Maryland Man Arrested for Allegedly Lying About Military Service

By Edmund DeMarche, FoxNews.com – 01/26/2011

A Maryland man who the FBI says posed for years as a retired army special forces colonel and made a career lecturing law enforcement agencies about global terrorism and human trafficking across the country has been arrested.

William G. Hillar, 66, was arrested at his home Tuesday and faces a federal count of mail fraud for payment he received for lectures he gave at Monterey Institute of International Studies in California, according to court papers.

Hillar’s former website, which has since been taken down, claimed that he is a retired Colonel of the U.S Army Special Forces and served in Asia, the Middle East and Central and South America, according to court papers.

Sporting this resume, Hillar apparently had no problem finding work.

His client list included dozens of schools and agencies across the country, ranging from FBI and Army units to local and state police agencies from Idaho to Georgia, reported the Herald.

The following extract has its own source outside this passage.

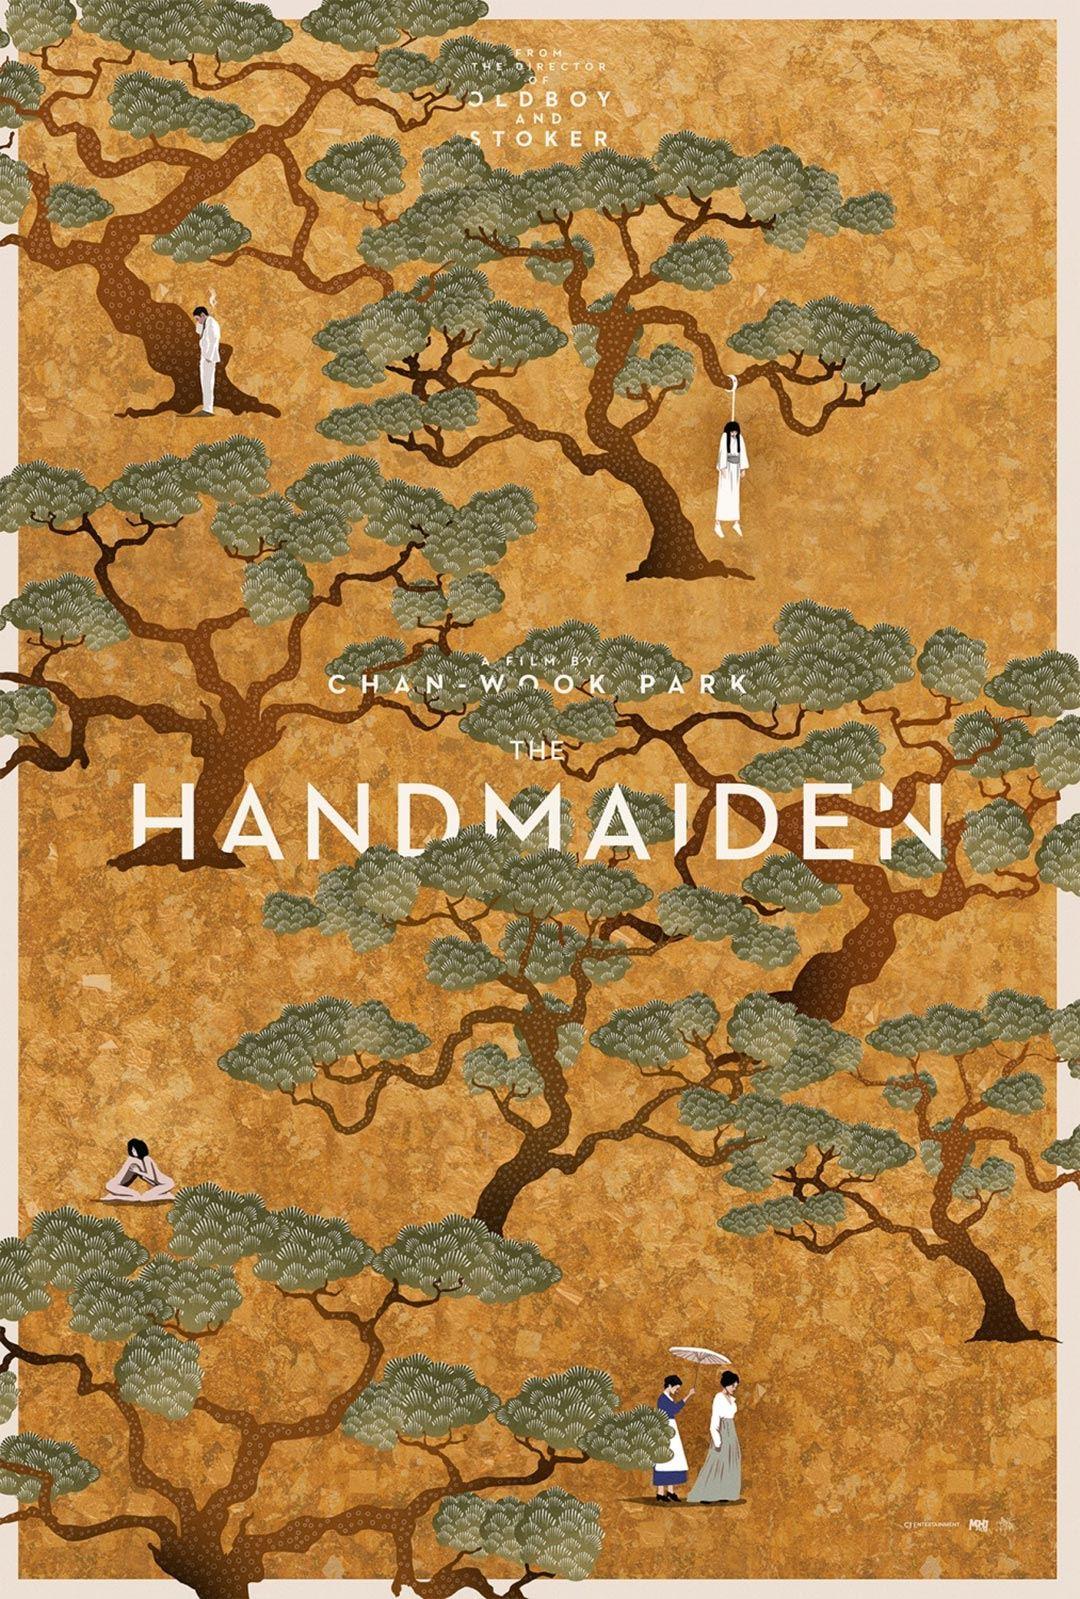 © NonStop Entertainment, Bio: The Handmaiden
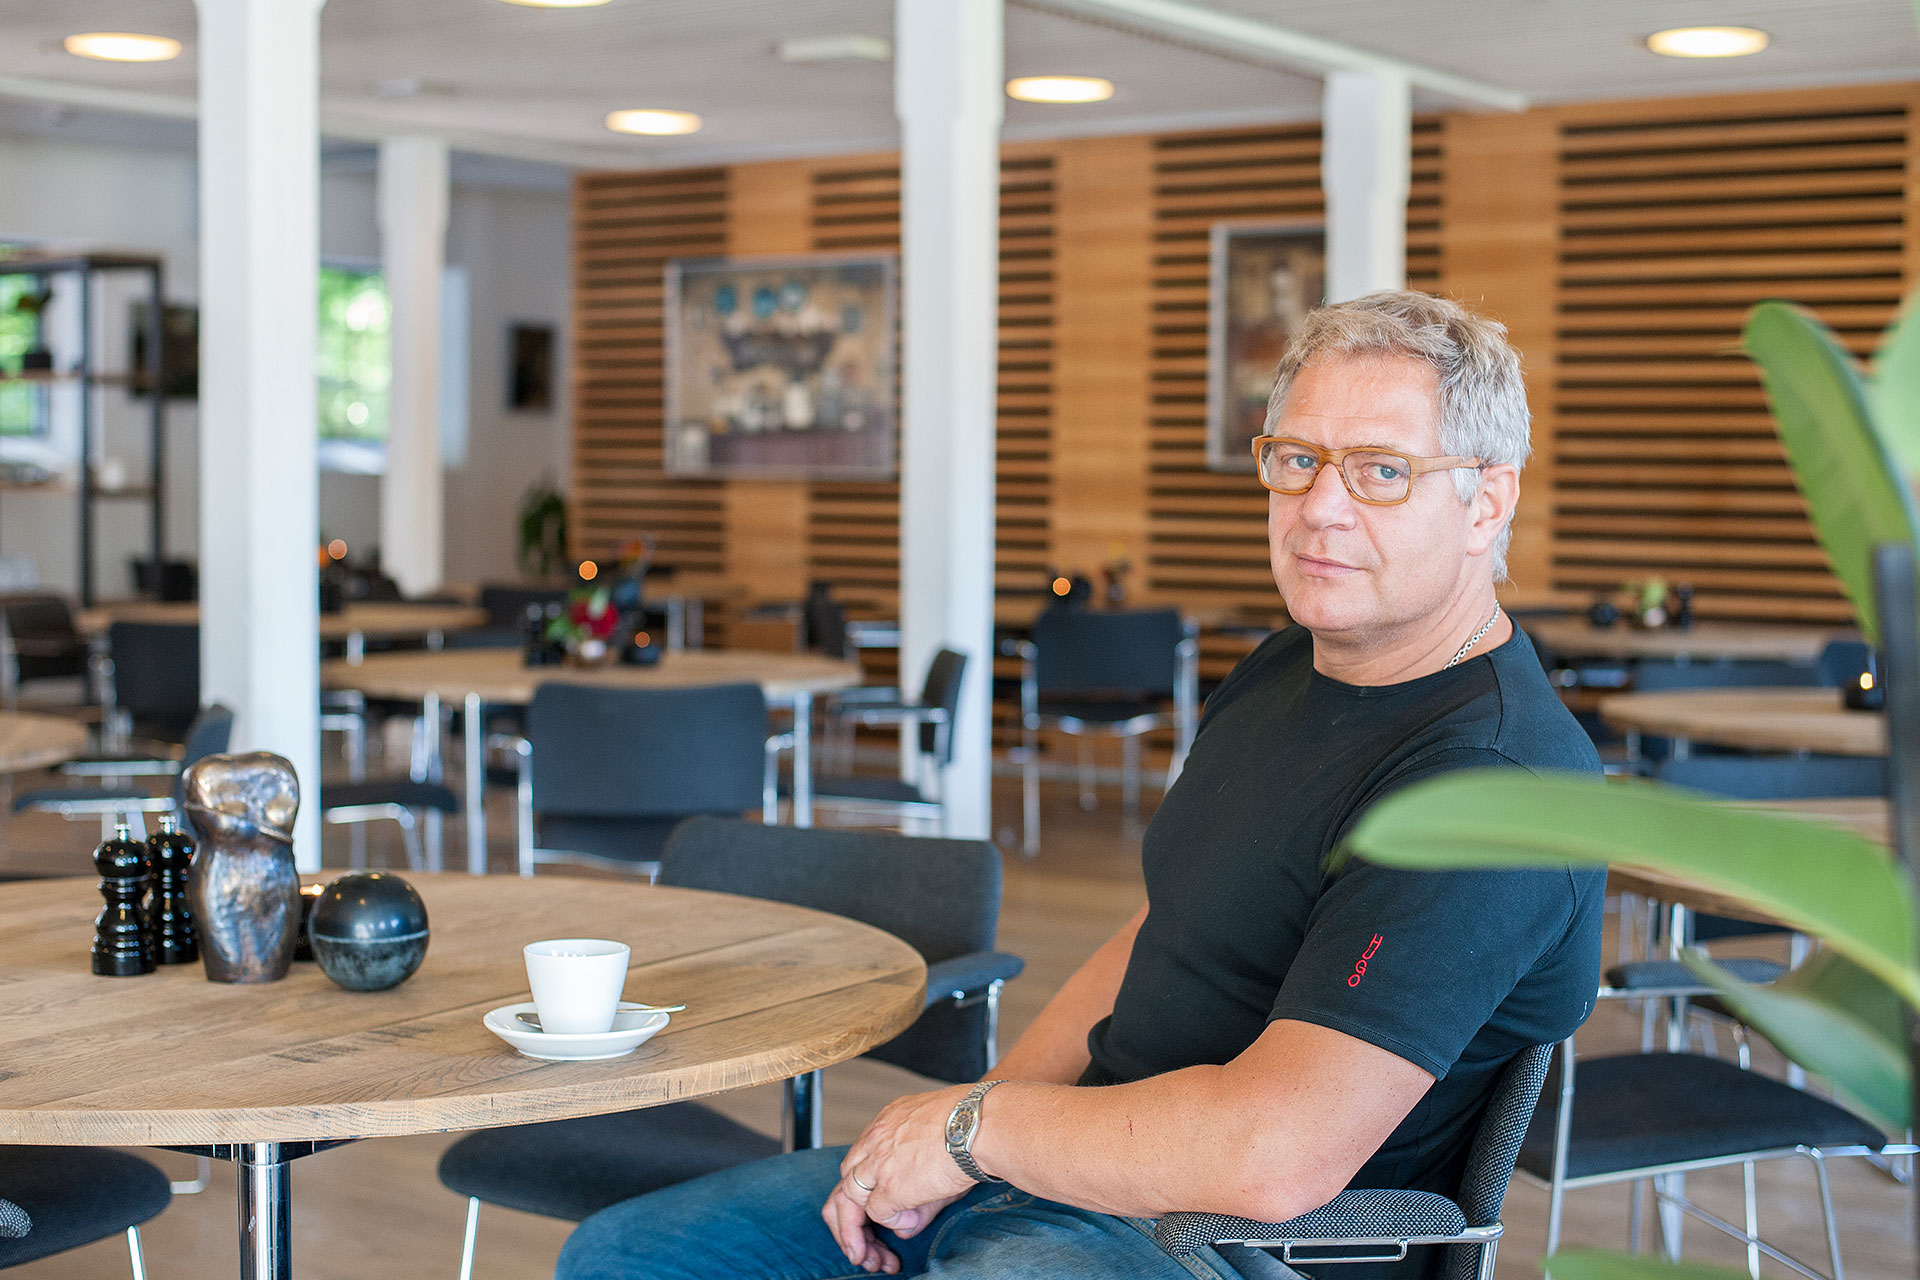 Bjarne Søndergaard

The investigation found that Hillar was never a Green Beret nor did he serve in the U.S. Army. The highest rank he reached was radarman in the Coast Guard, serving from 1962 to 1970. Court papers go on to say Hillar was never deployed to the locations he stated in his biography and never underwent any documented training to support claims of knowledge in counter-terrorism, explosive ordinance, emergency medicine or psychological warfare.